Epsira von Tokyo Electron ist eine digitale Transformations-Infrastruktur, die auf Datennutzung basiert, um die Halbleiterfertigungsproduktivität der Kunden zu steigern. Diese Lösung ist mit KI-basierten Analysen zur Verlängerung der Nassreinigungszyklen (MTBWC), Roboterwartung, KI-Problemlösungsanalysen und anderen Technologien ausgestattet, die planmäßige Wartungs- und unerwartete Ausfallzeiten minimieren und selbst unerfahrenen Bedienern eine optimale Betriebsumgebung ermöglichen.

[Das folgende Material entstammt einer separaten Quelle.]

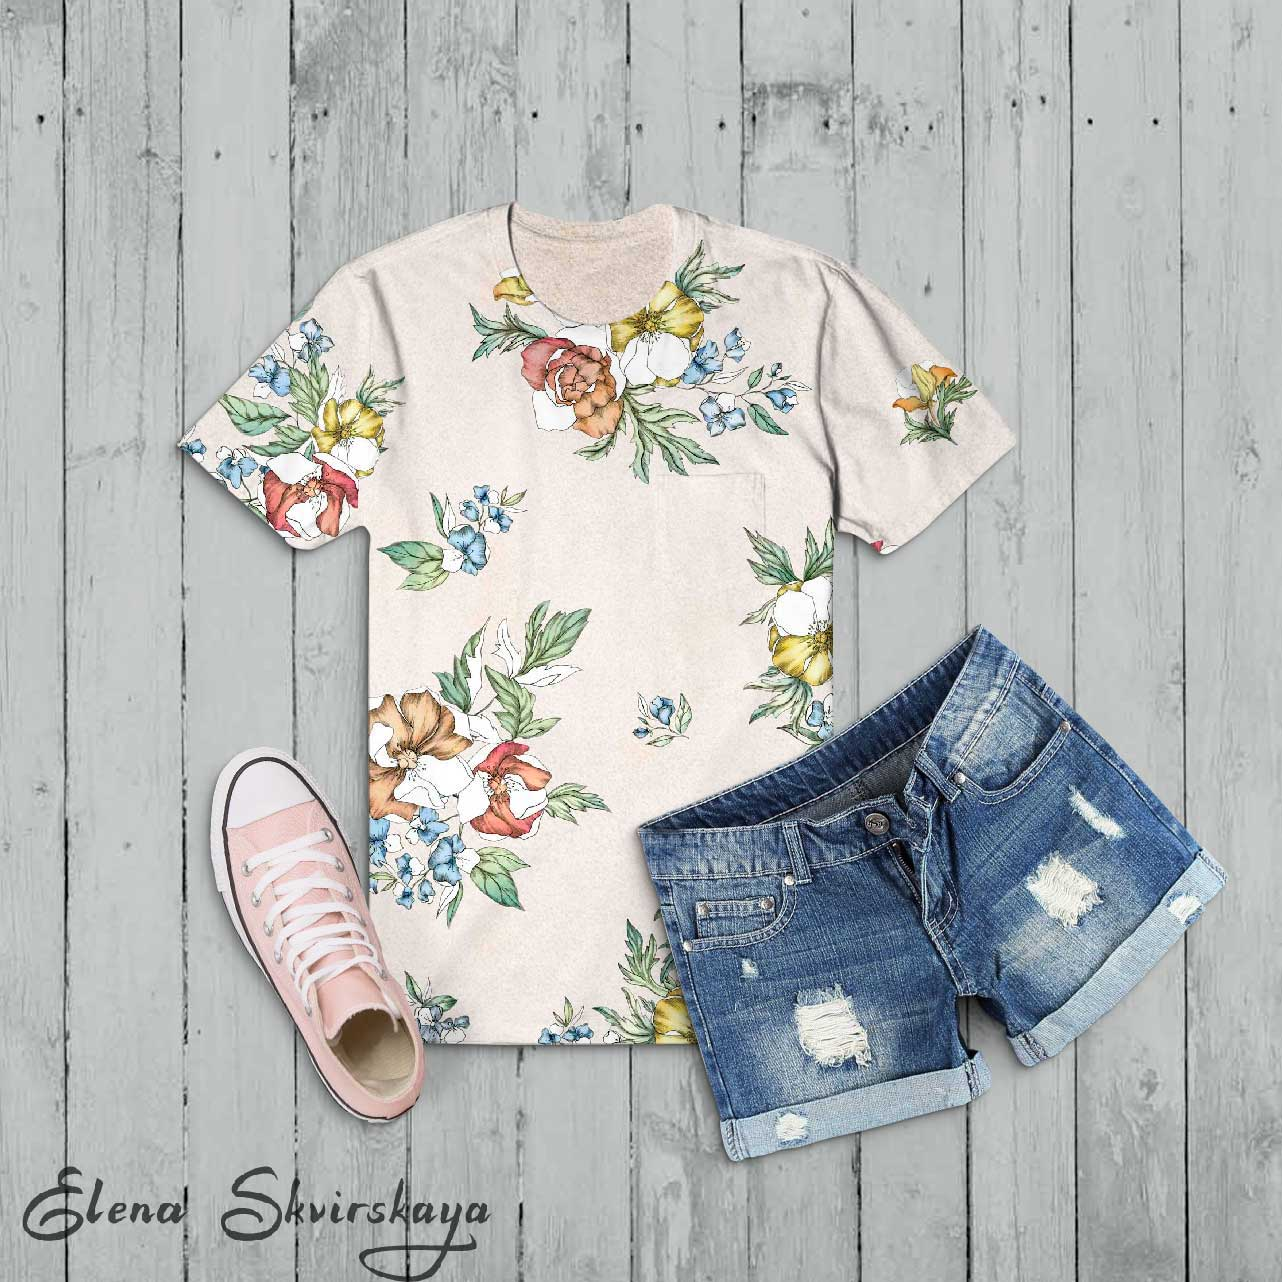 floral design on a t-shirt, unfinished floral style, mock-up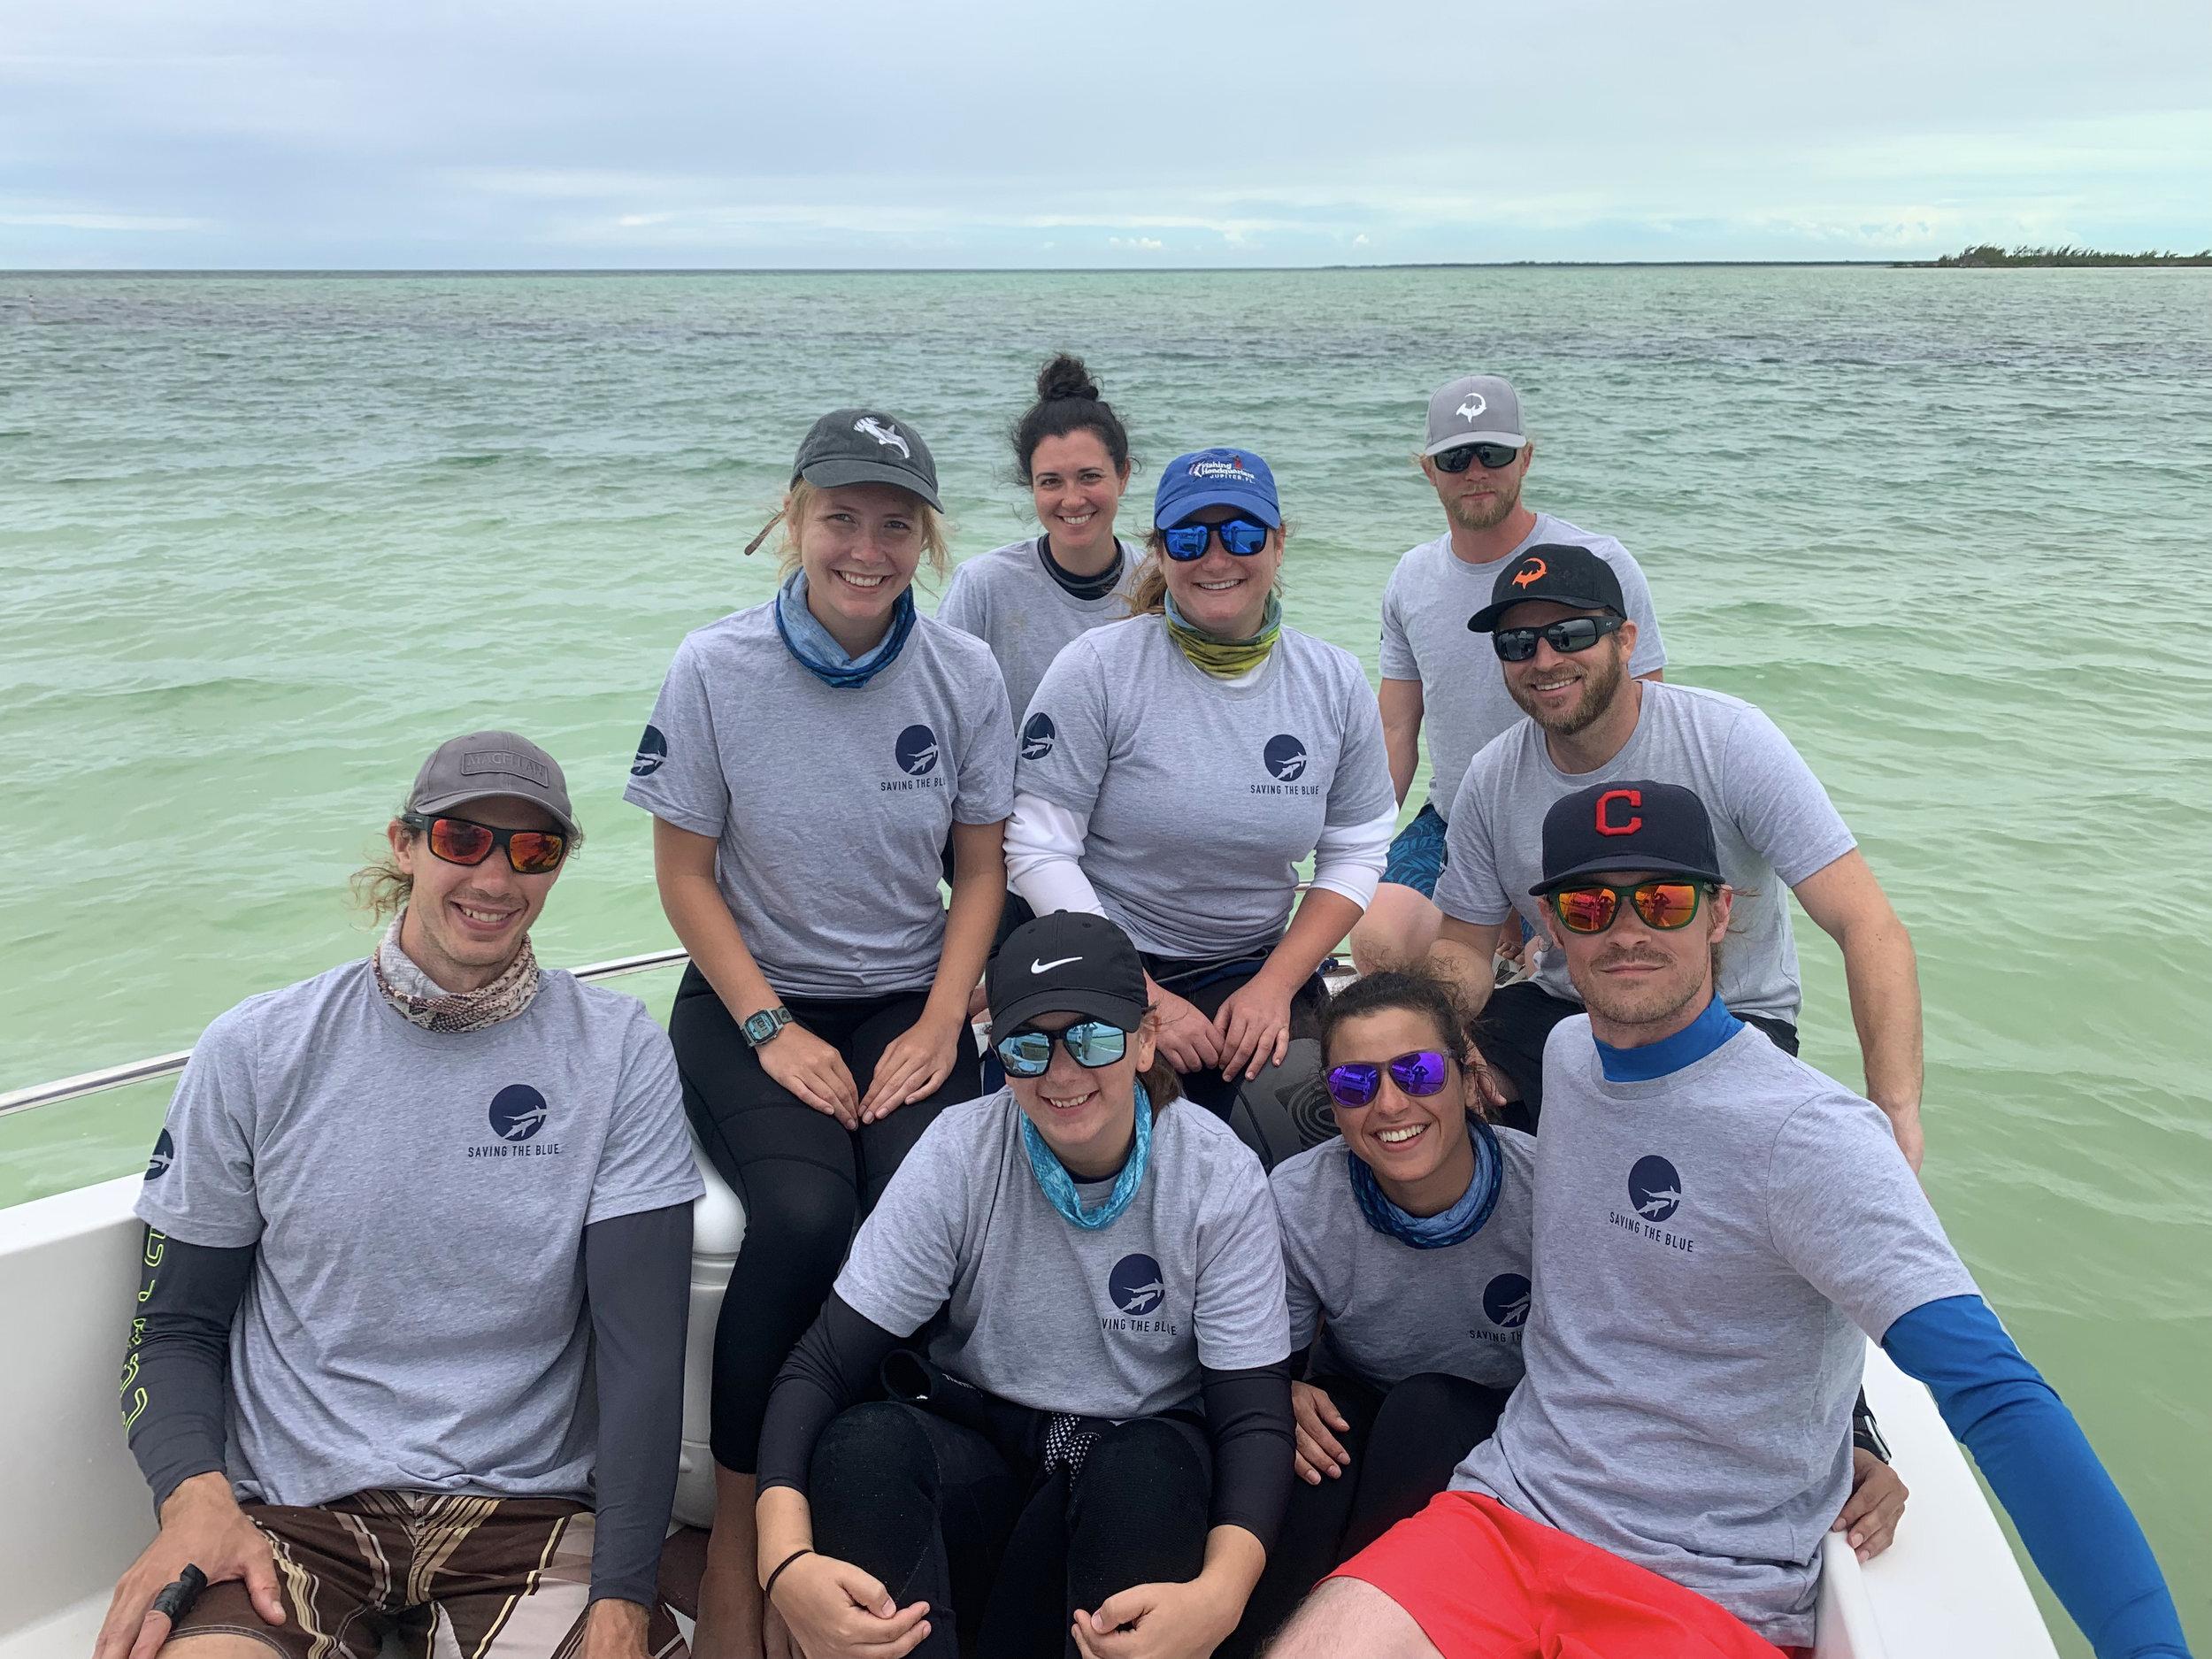 Saving the Blue - Dr Tristan and Annie Guttridge - Nonprofit - Shark Research - Shark - Sharks - The Bahamas.jpg

Keiichi Matsushima, Vizepräsident der Unternehmensentwicklungsabteilung von Tokyo Electron, erklärte, dass die Vertiefung der Partnerschaft mit NVIDIA, das die KI-Ära anführt, von großer Bedeutung sei. Auf dieser Grundlage werde Tokyo Electron seine Fähigkeiten in der Roboterwartung und KI-Fehleranalyse kontinuierlich verbessern und so zur Maximierung der Kundenproduktivität beitragen.

Amit Goel, Senior Director für Robotik und Edge-KI-Ökosysteme bei NVIDIA, sagte, dass die Halbleiterfertigung an einem neuen Wendepunkt der Automatisierung stehe und die Robotik eine entscheidende Achse für die Steigerung der Verfügbarkeit und Widerstandsfähigkeit moderner Fabriken sei. Tokyo Electron nutze die Agentic- und Physical-AI-Frameworks von NVIDIA, um den Fabrikbetrieb intelligenter zu gestalten.